The translations, again, are not meant to be poetic creations on their own, but utilitarian renderings of the Latin. I will not quote much from them here, since they should be easy enough to imagine: they are simply the very exact translations that one would produce in a class or for a talk handout (embellished with occasional italics, and many more quotation marks and parentheses). In translating Persius, though, it looks as though D/W played up the Latin word order and primary translations a bit more than with the other satirists, in order to “translate” Persius’ jarring rhythm and strange language. For example, Persius 1.55, verum … amo, is translated “Truth I love;” 1.119, me muttire nefas, becomes “That I mutter is wrong?” and 1.42, os populi meruisse, becomes simply “to have merited the populace’s mouth.” Occasionally, a suggestive phrase in Latin is brought out more pointedly in English (e.g. Persius 1.18, patranti fractus ocello : “effeminate with eye’s orgasmic sparkle”).
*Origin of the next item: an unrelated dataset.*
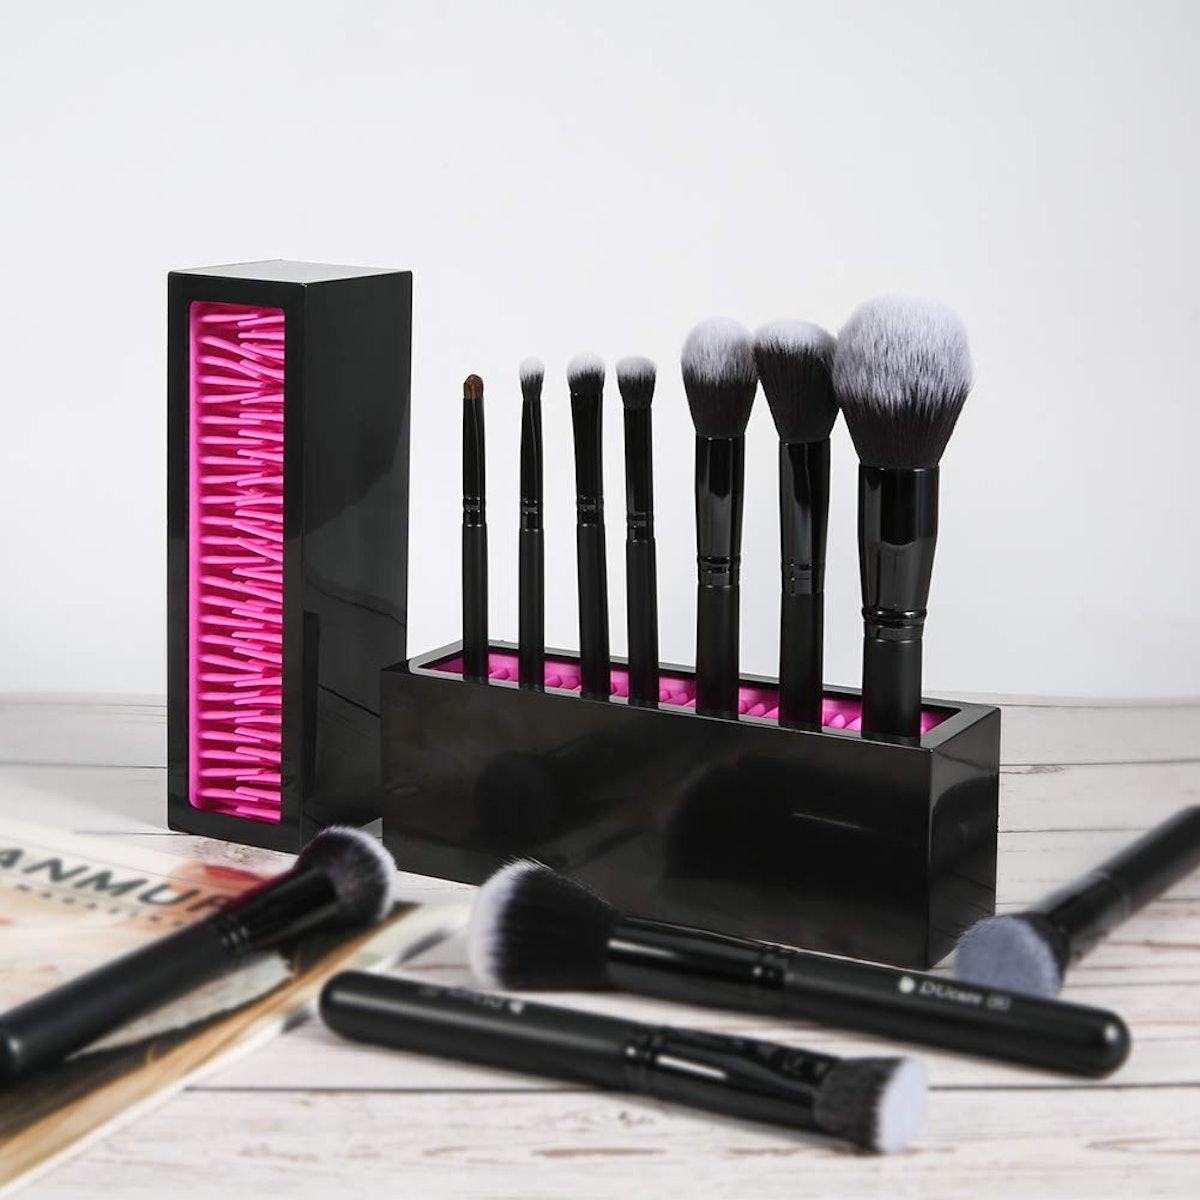 DUcare Makeup Brush Organizer

The commentary is there mainly to explain proper names, Roman customs, literary and historical references, and some “untranslatable overtones of certain words and phrases” (xiv). There are also notes on disputed portions of the texts. These notes are indicated in the texts with asterisks, either in the Latin text (if the note concerns a textual problem) or the translation (all other cases). This gets a little bit messy when an entire section is starred because its location or authenticity is debated (every line of Lucilius’ fragments, Persius’ Choliambics, and the Winstedt passage of Juvenal 6 is starred).
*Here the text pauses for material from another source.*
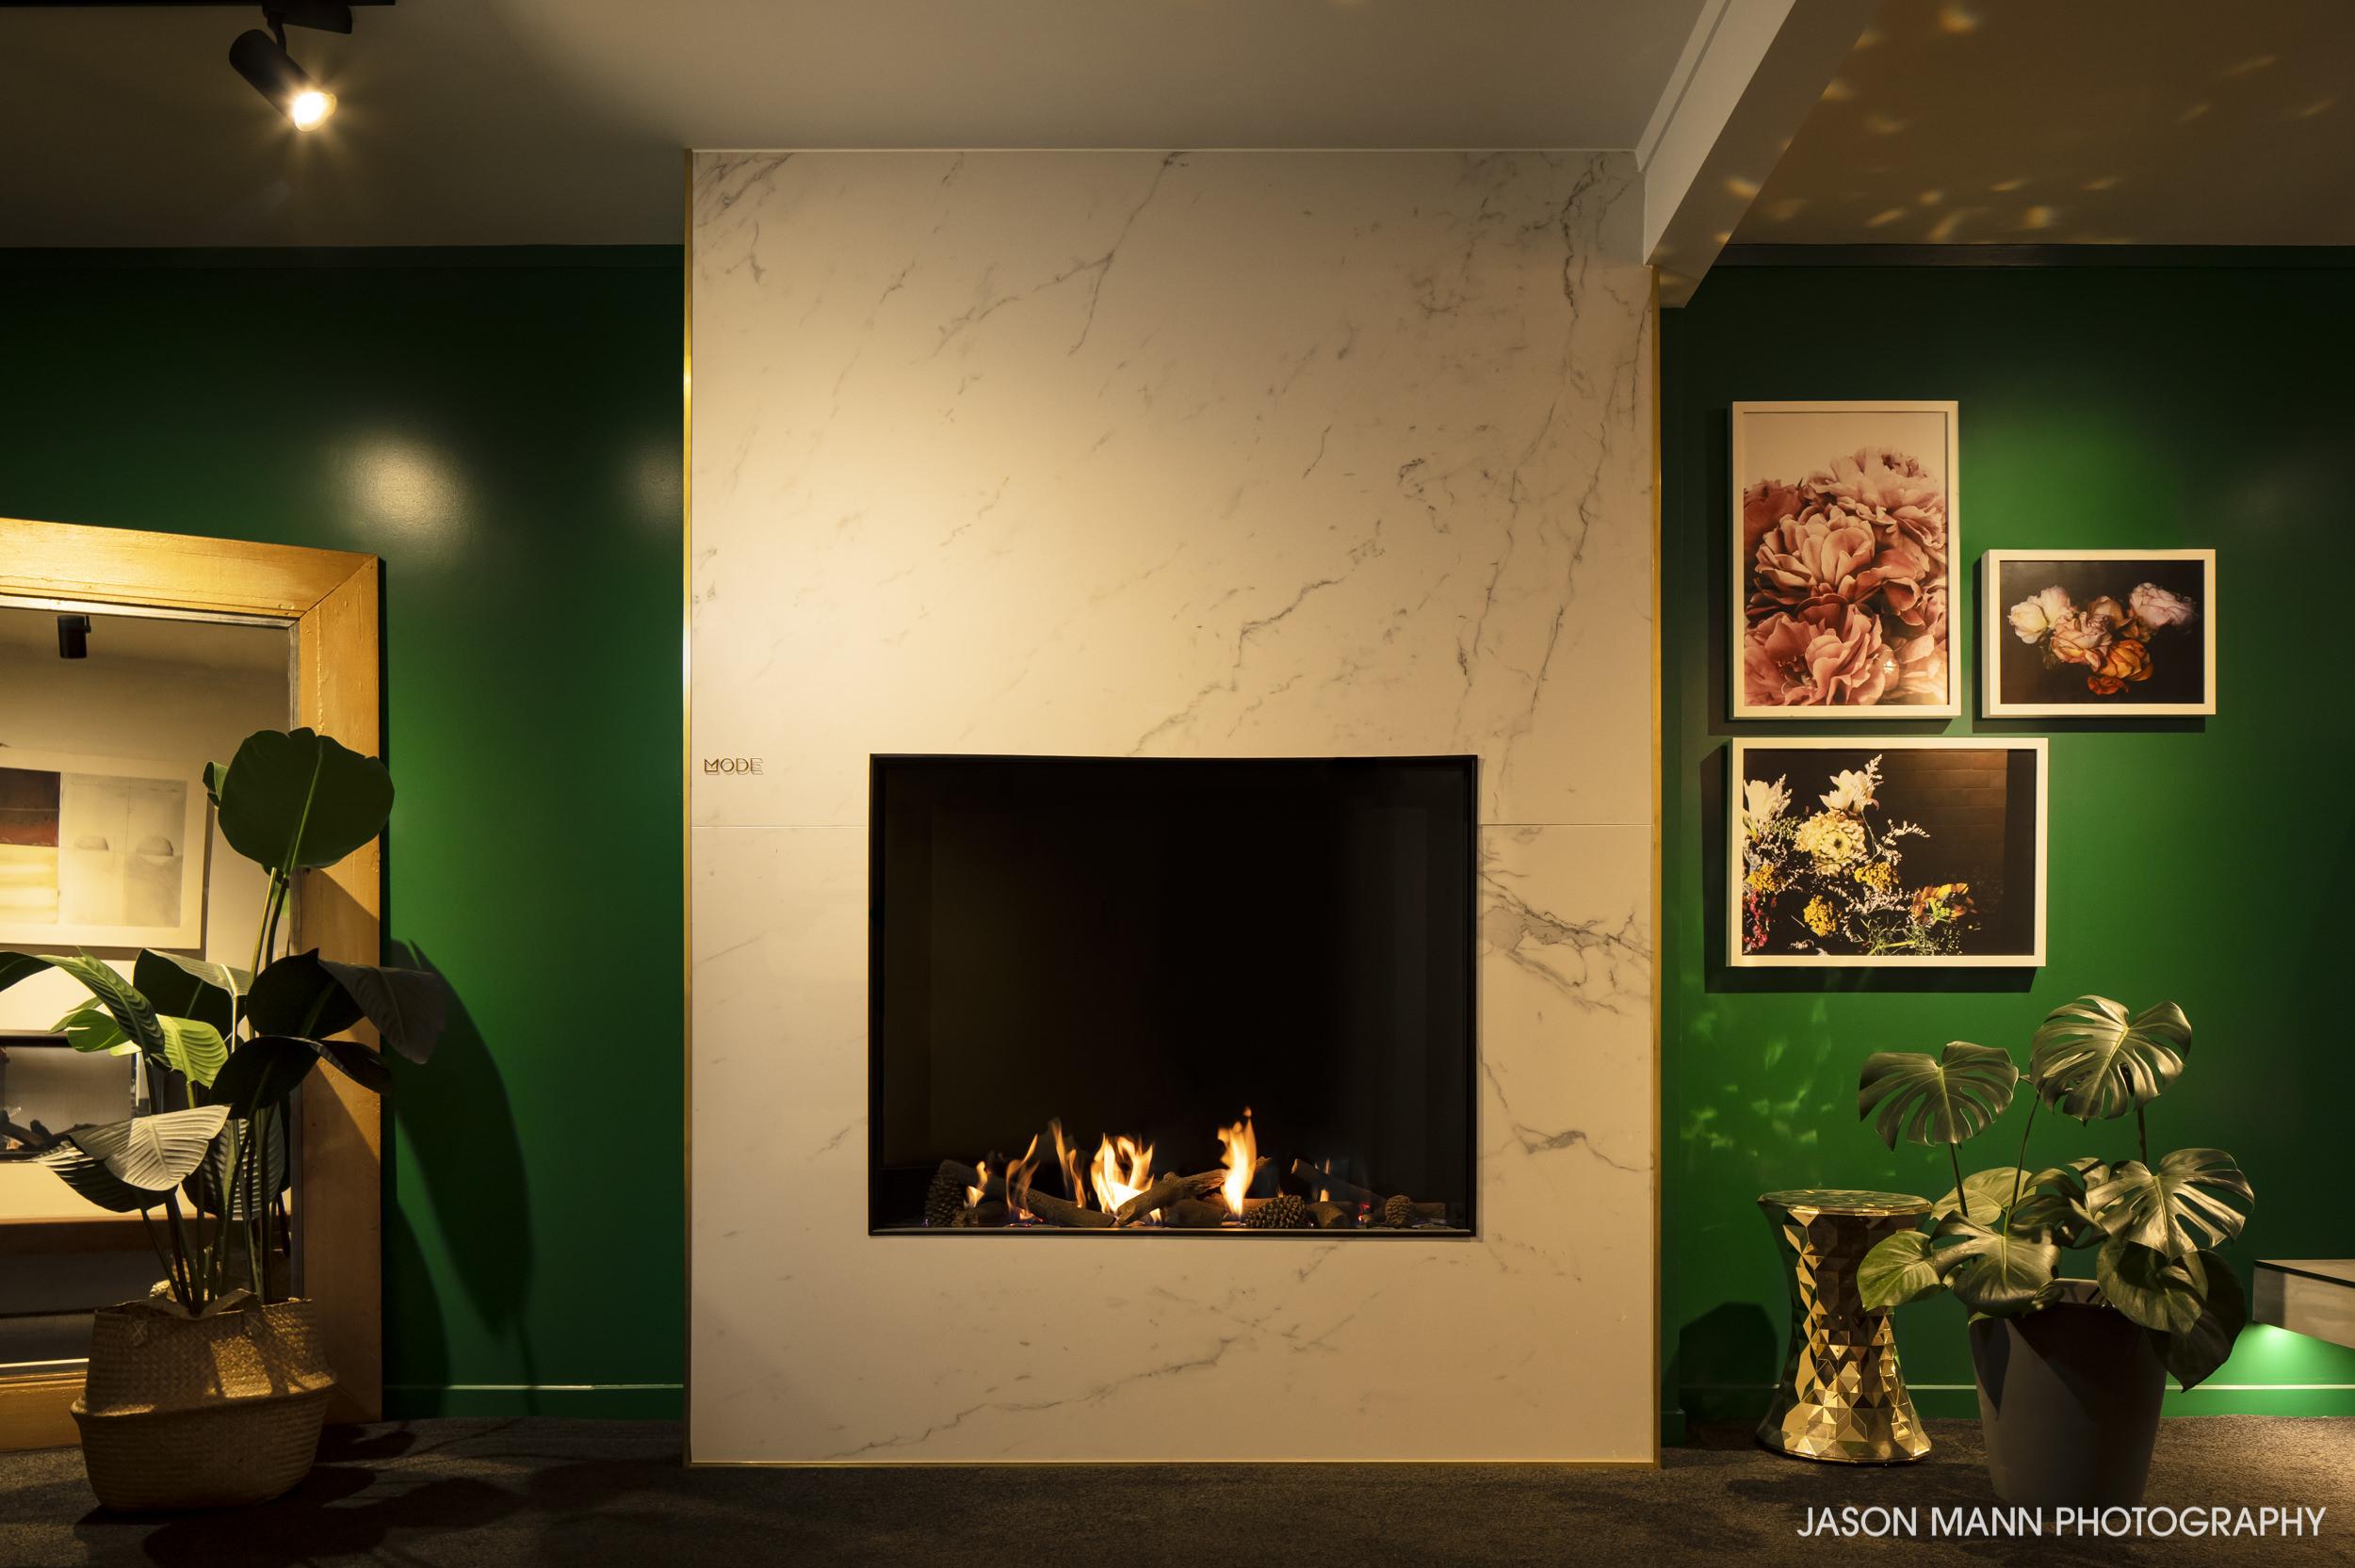 Jason_Mann_Fireplaces_01.jpg

There are a few small errors to note. H. R. Fairclough is listed in two different places in the Horace bibliography (8). I found one Latin line that ended up on the translation page (Juvenal 6.194). There are a couple of translations that I would emend if I thought students were consulting them in a Latin class (e.g. Horace 1.9.70-71, nulla mihi … religio est, “Religion is nothing to me”). One translation, “dramas” for togatas at Juvenal 1.3, does not indicate that these plays were comedies in particular (nor does the note). The name “Winstedt” is misspelled (195). As for other possible drawbacks, I find the commentary to be somewhat uneven; for instance, there is a note explaining the expression “he left me under the knife” (Horace 1.9.73-74), which would not seem to require explanation, but no note referring to the Epicurean background of the “quote” at Persius 3.83-84 ( gigni / de nihilo nihilum, in nihilum nil posse reverti), which would be helpful.

I can envision a number of possible uses for this volume: in a Roman civilization course, in an undergraduate Latin class in which the students are also equipped with a philological commentary (or, alternatively, in which they are studying other satires in Latin, and reading these ones in translation only), or even in a graduate course in which students will go and find commentaries on their own (the Introduction with its bibliographies would be useful to graduate students studying for exams). Despite some drawbacks, this volume was an excellent idea that the authors must have enjoyed carrying out. It is attractive and not too expensive, and will provide students with an appropriate introduction to the colorful genre of satire.

Notes

1. Susanna Braund, Roman Verse Satire (Oxford, 1992) and The Roman Satirists and Their Masks (Bristol, 1996).